At a tree I pause to touch the course bark. “All this diversity, and I am such a threat to you.”
He doesn’t reply. Instead the Man from the Corporation touches the tree as well.

“Very different from the pictures, eh?”

“The smell,” I remark. “It fills me.”

“You are one of the last to see this place.”

“I don’t understand?” I say, perplexed.

“Did you believe that this, that any of this could last forever?”

“But this.” I brush my fingers through the long prickly needles of a small fir, awakening its peppery perfume.

“There were others who cared, but I am all that is left. When I am gone… You must realize that this is superfluous, a guilty pleasure without purpose, the archaeology of hope. Much as yourself.”

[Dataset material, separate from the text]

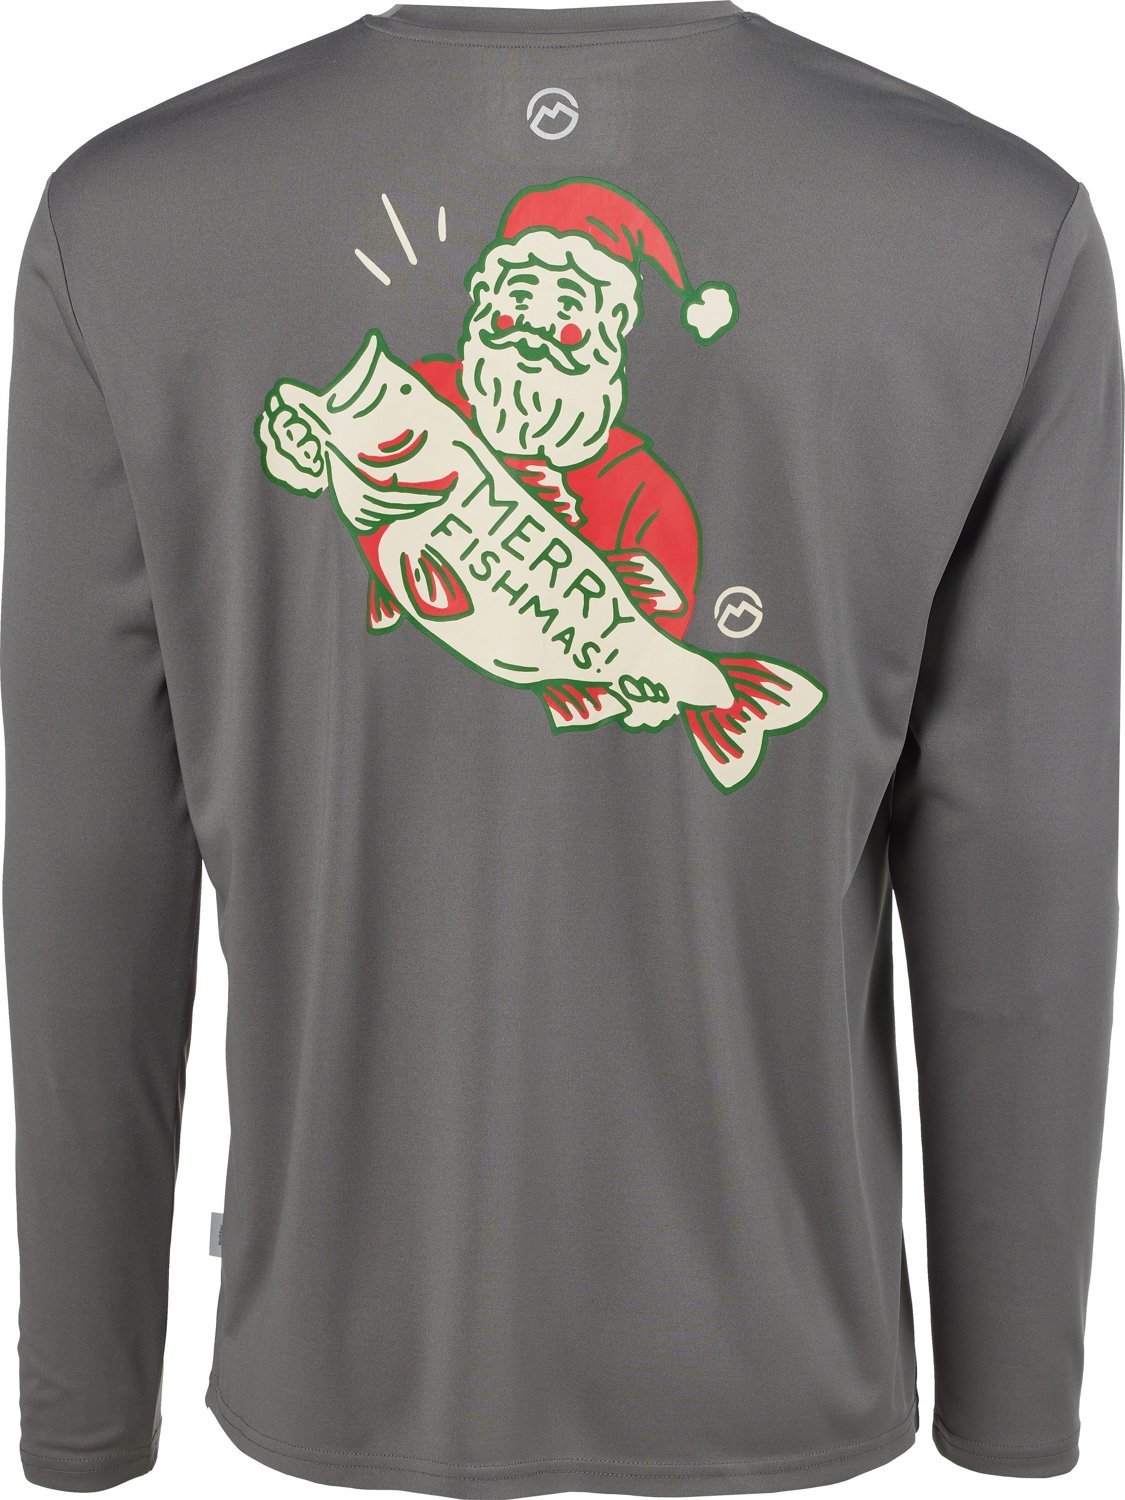 Magellan Outdoors Men's Holiday Merry Fishmas Long Sleeve T-shirt

“Pardon?” I ask. There is something in his voice that is dark and funeral. He kneels beside me and runs his fingers through the gently white halos of dandelions that have gone to seed. They tumble away in the wake of his hand. He touches leaves and stems and soil as though memorizing them, and breathes their scent from his fingertips. He looks at me.

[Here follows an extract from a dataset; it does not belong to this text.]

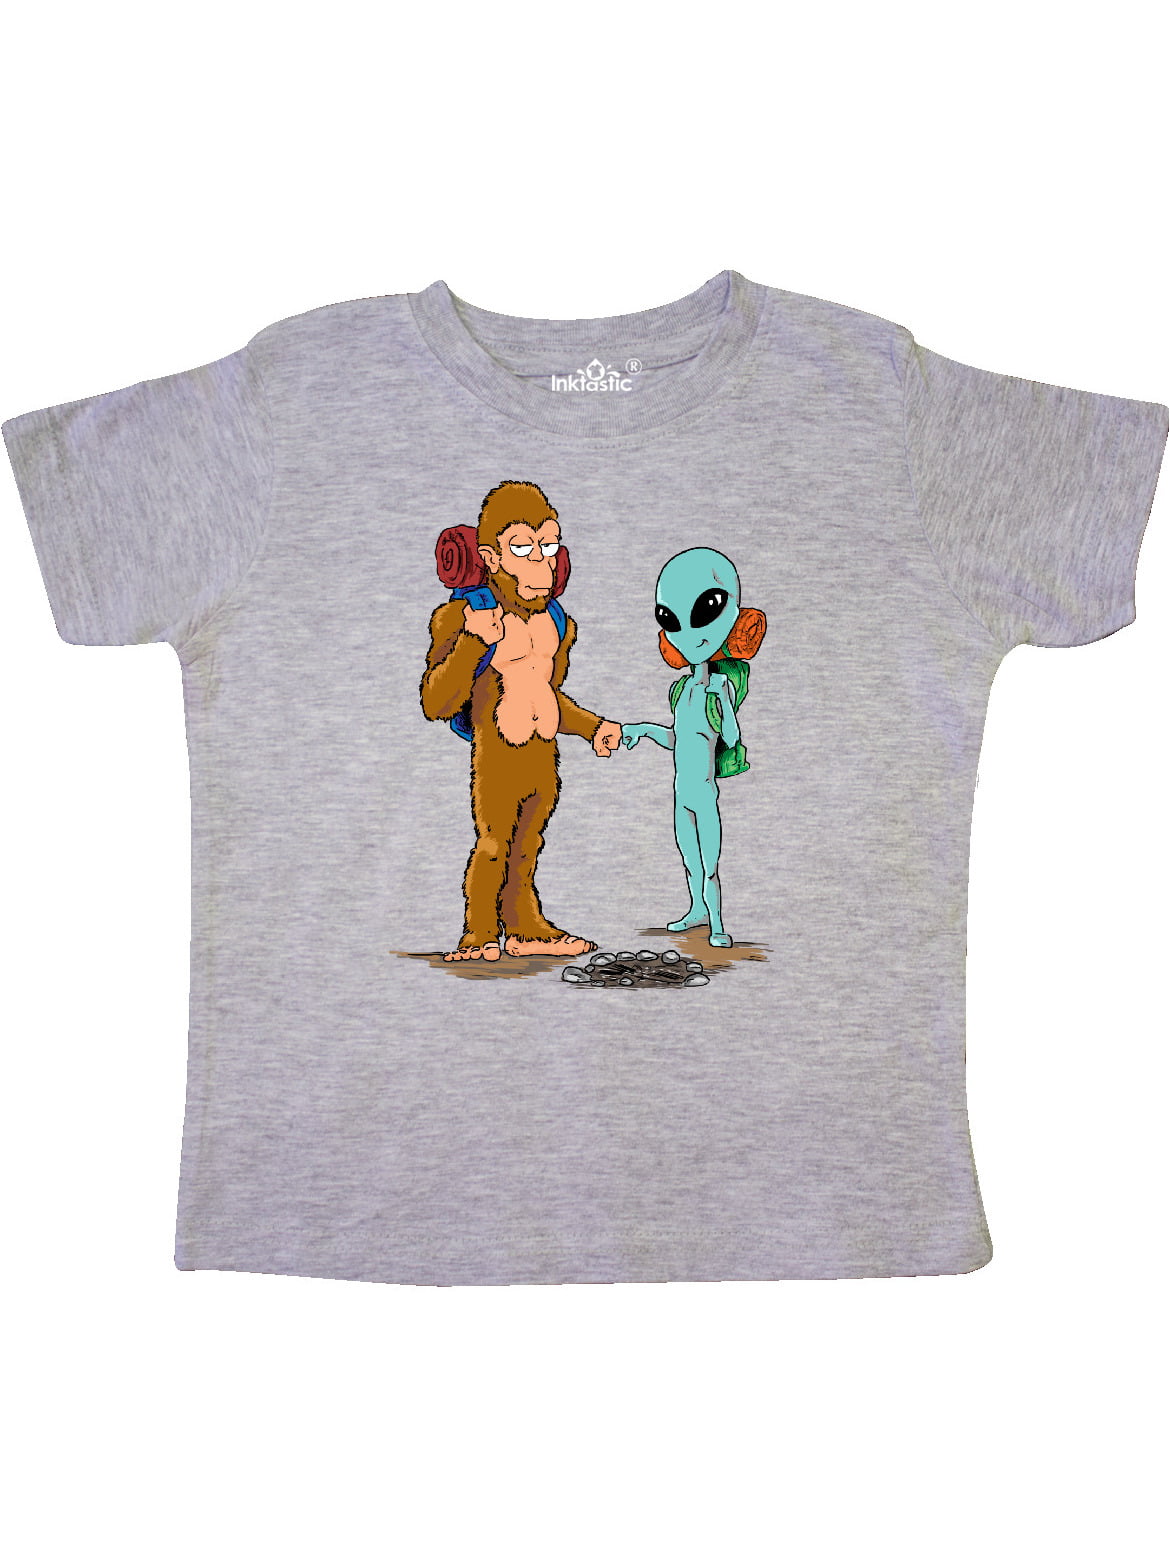 UFO Bigfoot Childrens Cotton Gray Short Sleeve T-Shirt for Girl

“Hope is a stained sheet. It’s an irrational relic, like melancholy or remorse, or longing over a dead history. There is no purpose to hope, but the delusion from reality.” He stands and faces me directly. “You are a stain on this society, and when your trial is over you will be discarded just as surely.”

I hear the words of old John Brown, spoken from his deathbed. You may dispose of me easily-I am nearly disposed of now, but this question is yet to be settled. I would scream those words at him and kill him with them. His words suck the air from my lungs. Blood rushes like a fever in my face.

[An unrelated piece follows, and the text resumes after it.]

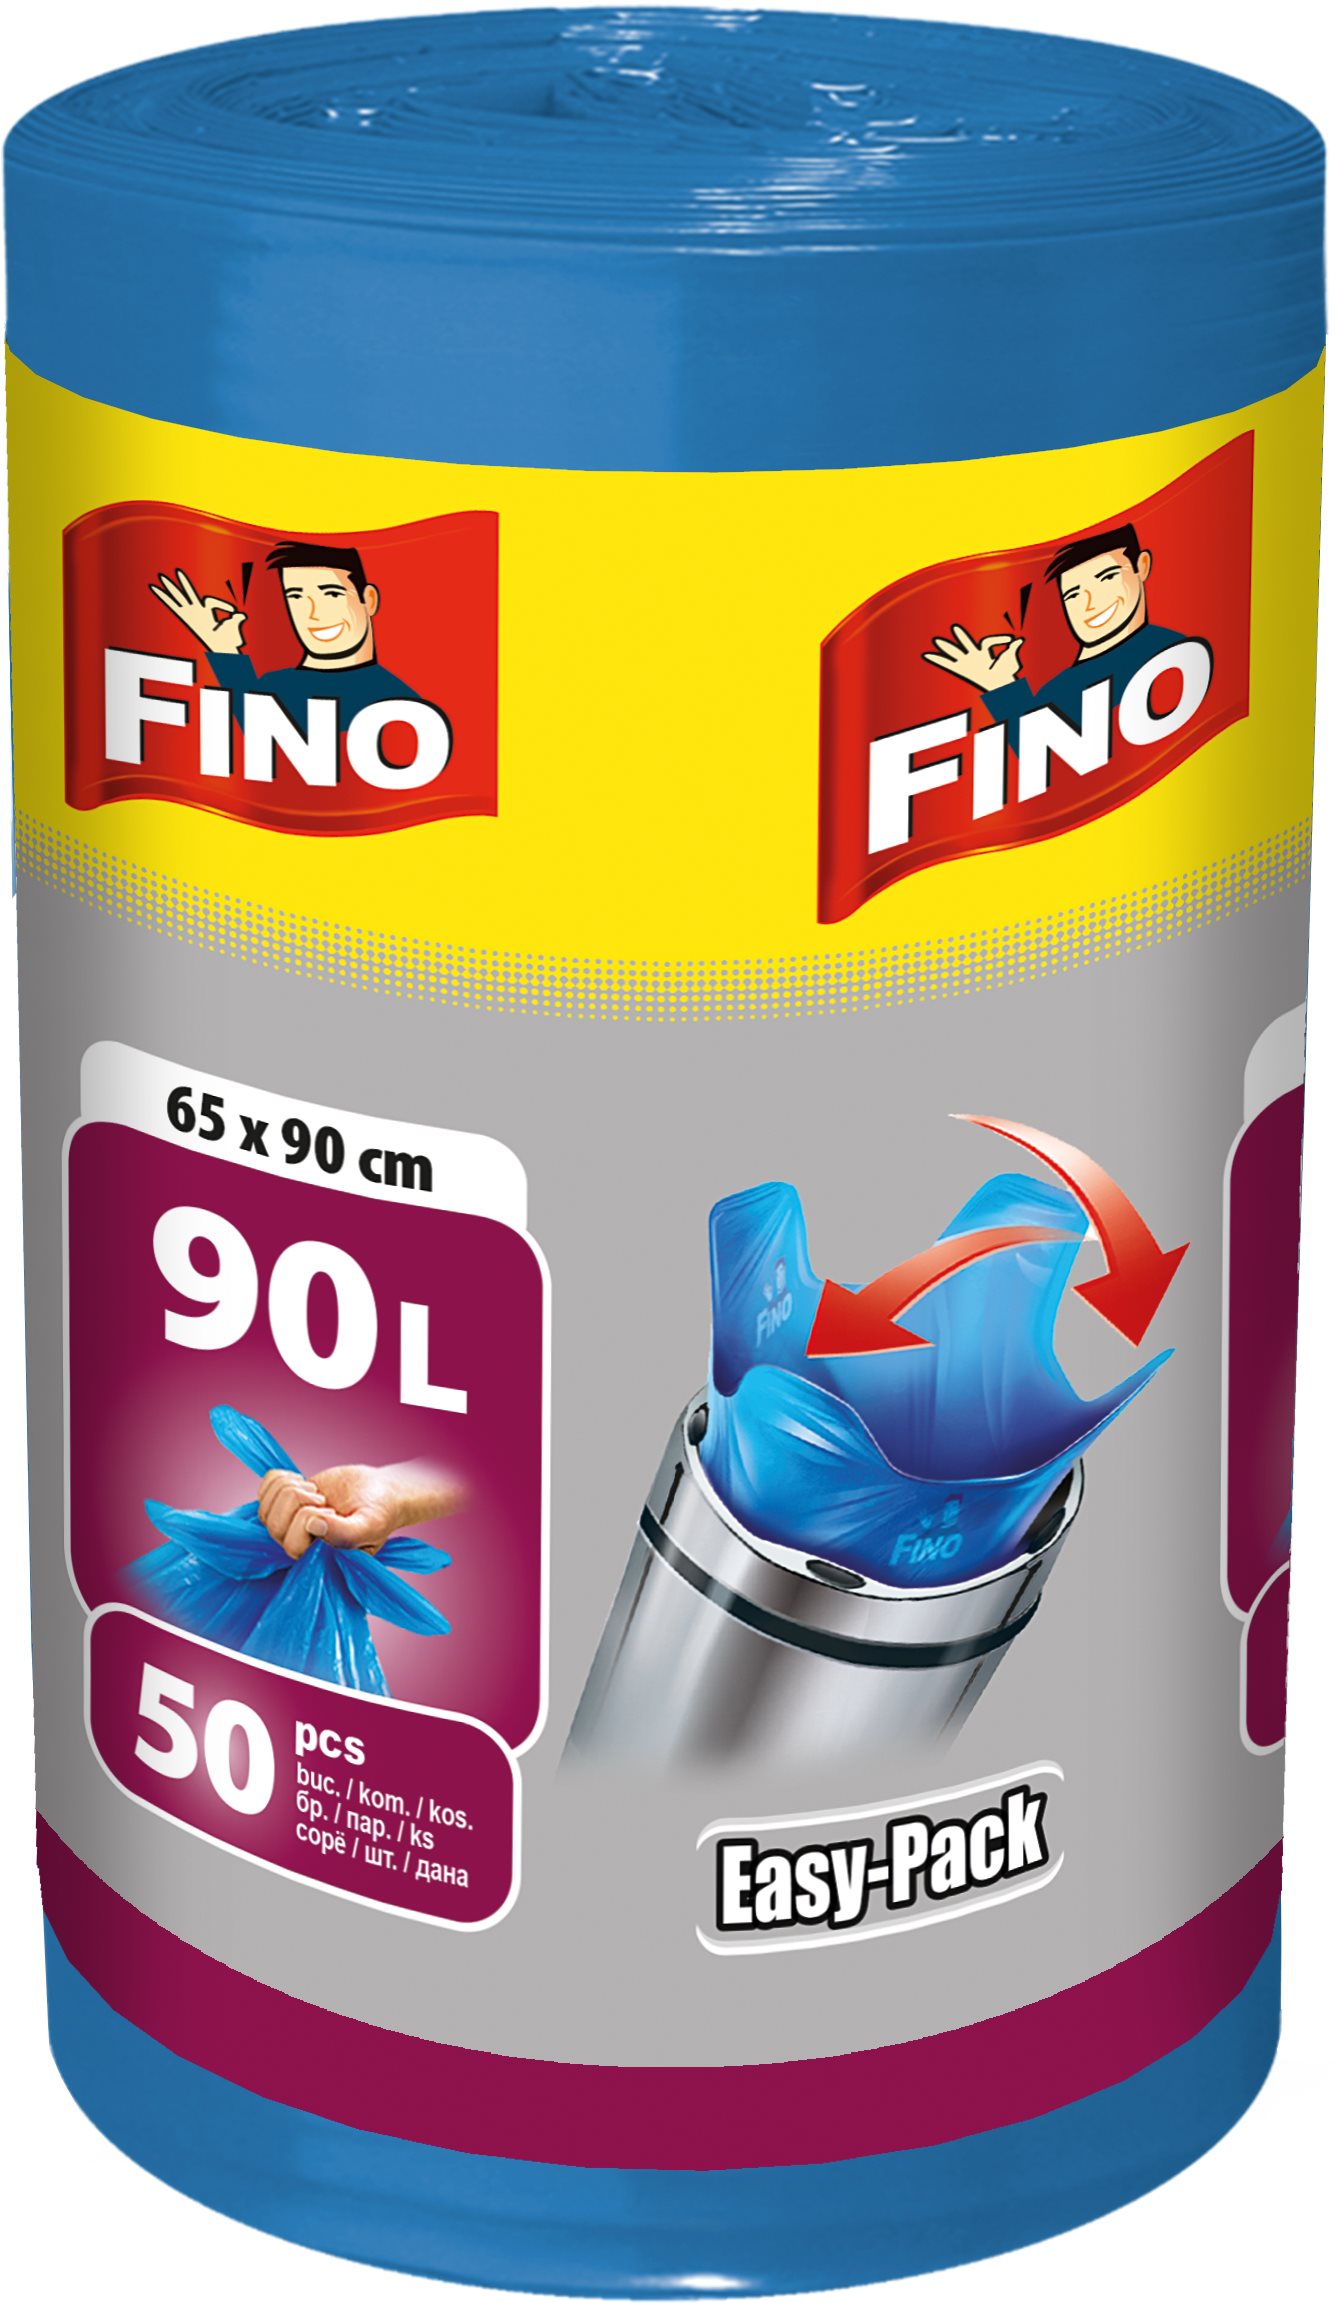 FINO Easy pack 90 l, 50 db

“This was all concocted for your entertainment?”

“You received no pleasure from it?” he smiles with sincerity. “Perhaps a triumphal glow now and then? Indeed, man, there were moments of absolute brilliance! ‘Men must tolerate men by right of agreement!’ It was all I could do to keep from shouting with joy.”

“Wasted effort?”

“You had a voice, if only fleeting. That’s much more than the vast majority will ever enjoy. You have that. What more do you want?”

“I want life,” I say, sweating bullets, as though I’ve made some irrational request. He breathes deeply and sits on a small bench, sweeping away the small dead leaves so I may sit. Vines cover the rusting iron legs. A cottony white spider’s wed fills the space between the legs. I hesitate to join him. It feels like a concession to the Corporation when I final sit. I don’t look at him.

“Have you ever really tried to comprehend forever?” he says.
I don't answer right off. ‘We are caught in an extraordinary paradox,’ Mandela said once, ‘finite creatures made from the infinite.’ I only smile.

The man from the Corporation frowns. “Of course you haven’t. They don’t teach common Associates such abstract things. It is only necessary that you work, reproduce and care reasonably for yourself.”

“Forever,” I repeat to myself. He takes no notice.

“You and I will never know eternity. We’ll never know a measurable fraction of it. My life is nearly past, and yours…the Corporation will not allow you to exist. We have this moment, my friend, and all that we can make of it.”